Es währte eine geraume Zeit, ehe der Bote fähig war, sich seiner Botschaft zu entledigen; aber schon bei den ersten Worten seines Berichtes kam eine Veränderung über den Herrn van der Mook, die dem Mann aus dem Tumurkielande sicher nicht missfallen hätte. Viktor von Fehleysen war dem Leutnant mit derselben stumpfsinnigen Verbissenheit entgegengetreten wie allen anderen, deren Hände er wider sich glaubte, und der Leutnant Hugo hatte sich in der Tiefe seiner Brust die Bemerkung gestattet: »Das scheint mir ein widerlicher, ein recht unangenehmer Patron zu sein!

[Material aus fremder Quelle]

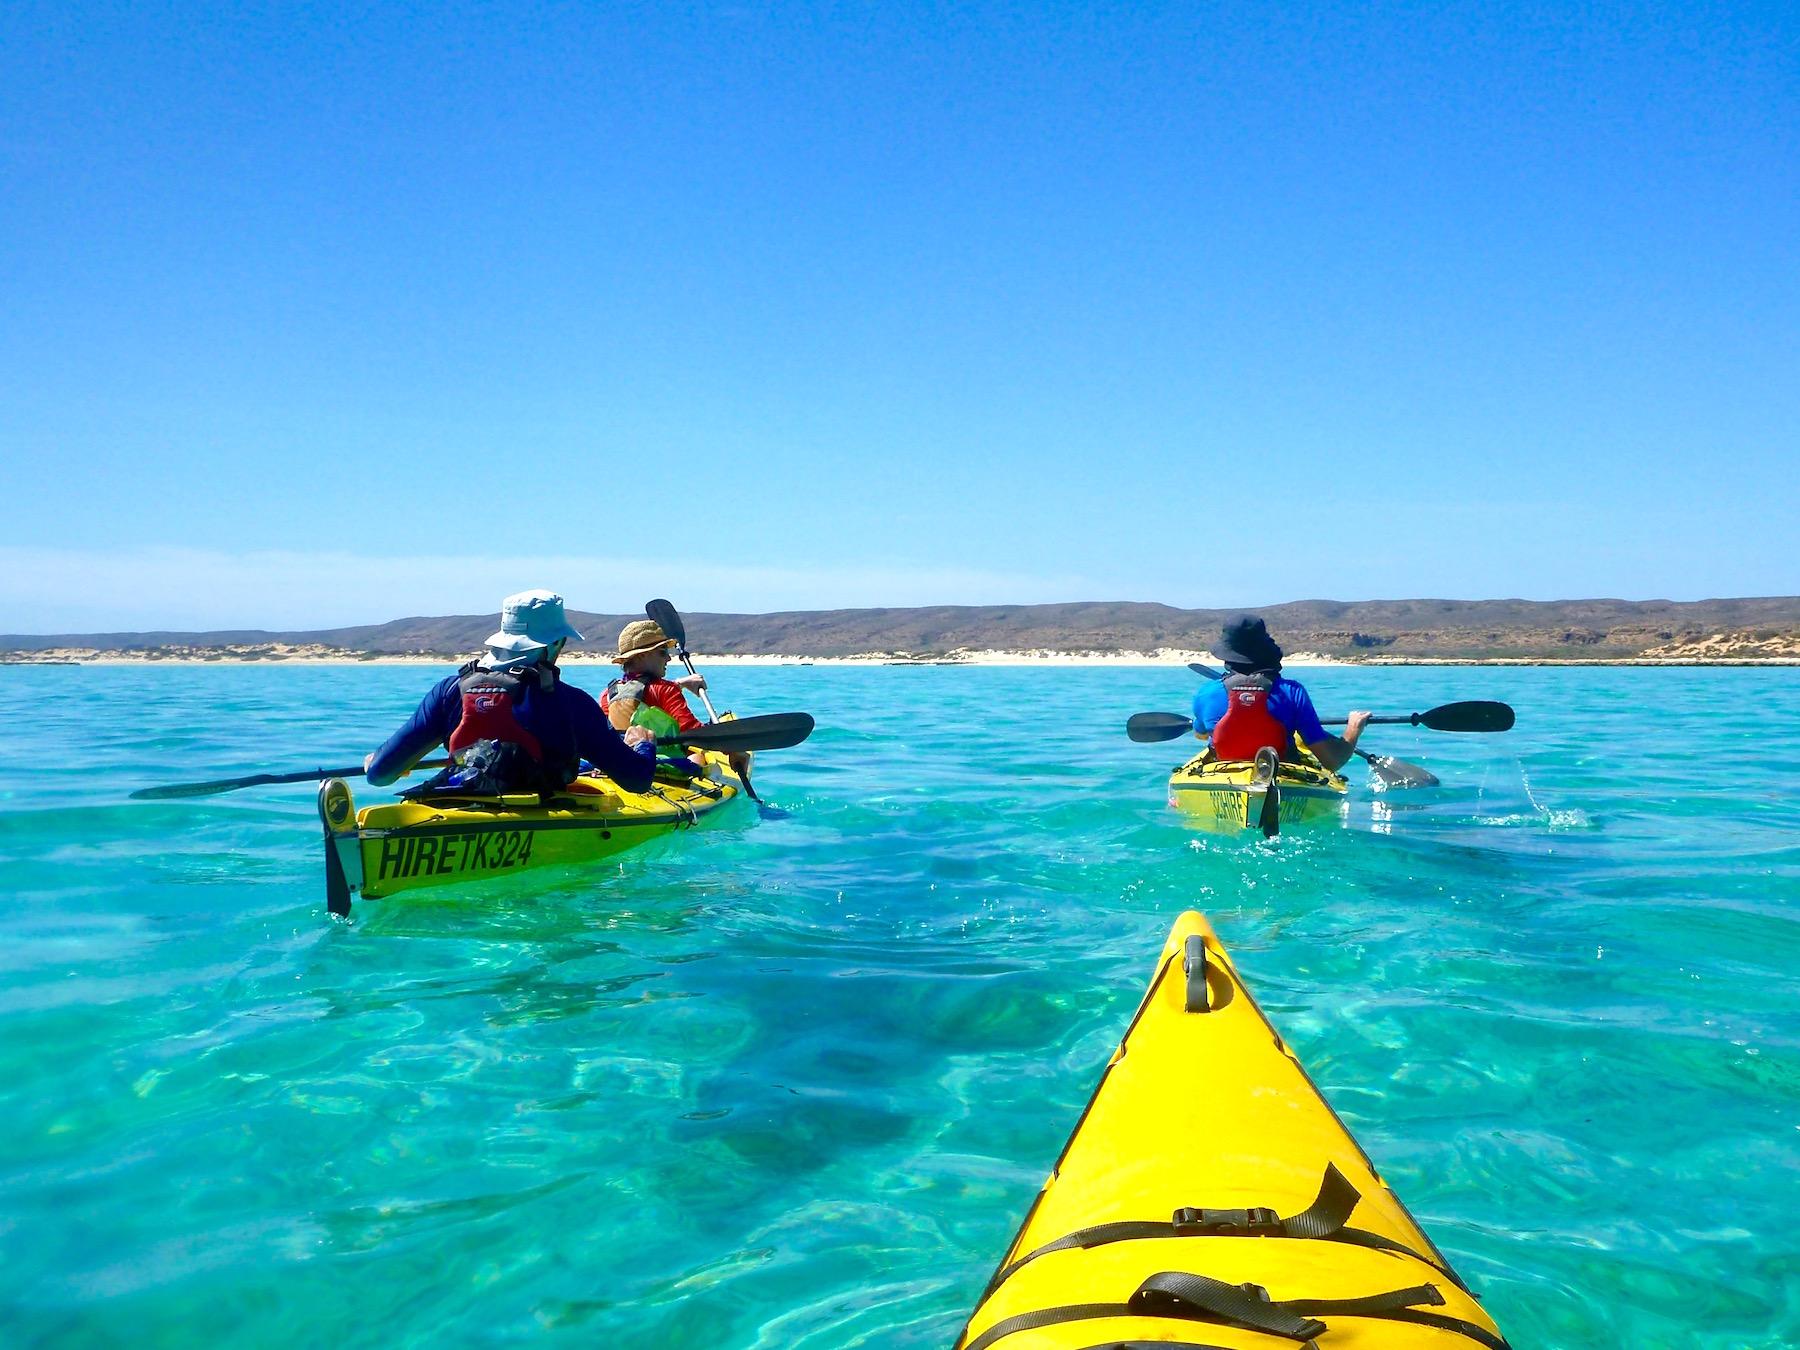 Sea Kayak Ningaloo, sea kayak, kayak, snorkel, eco tour, guided tour, Ningaloo Reef, Exmouth, Western Australia, Exmouth Adventure Co, Cape Range National Park, Coral Coast

Teufel, ein heiterer Kumpan, um einen Winter lang sich mit ihm in einer Höhle wie diese zu verschließen. Gott tröste die arme Nikola und die Frau Klaudine!«
Er hatte dann auch, sobald er dazu fähig war, mit vollem Bewusstsein das Wichtigste, nämlich dass die Frau Nikola von Glimmern ihm auf dem Fuße folge, an die Spitze seines Berichtes gesetzt und fuhr fort, im schnellen Fluge zu erzählen, wie getrieben von dem Bedürfnis, seinem Zuhörer wieder aus den Augen zu kommen.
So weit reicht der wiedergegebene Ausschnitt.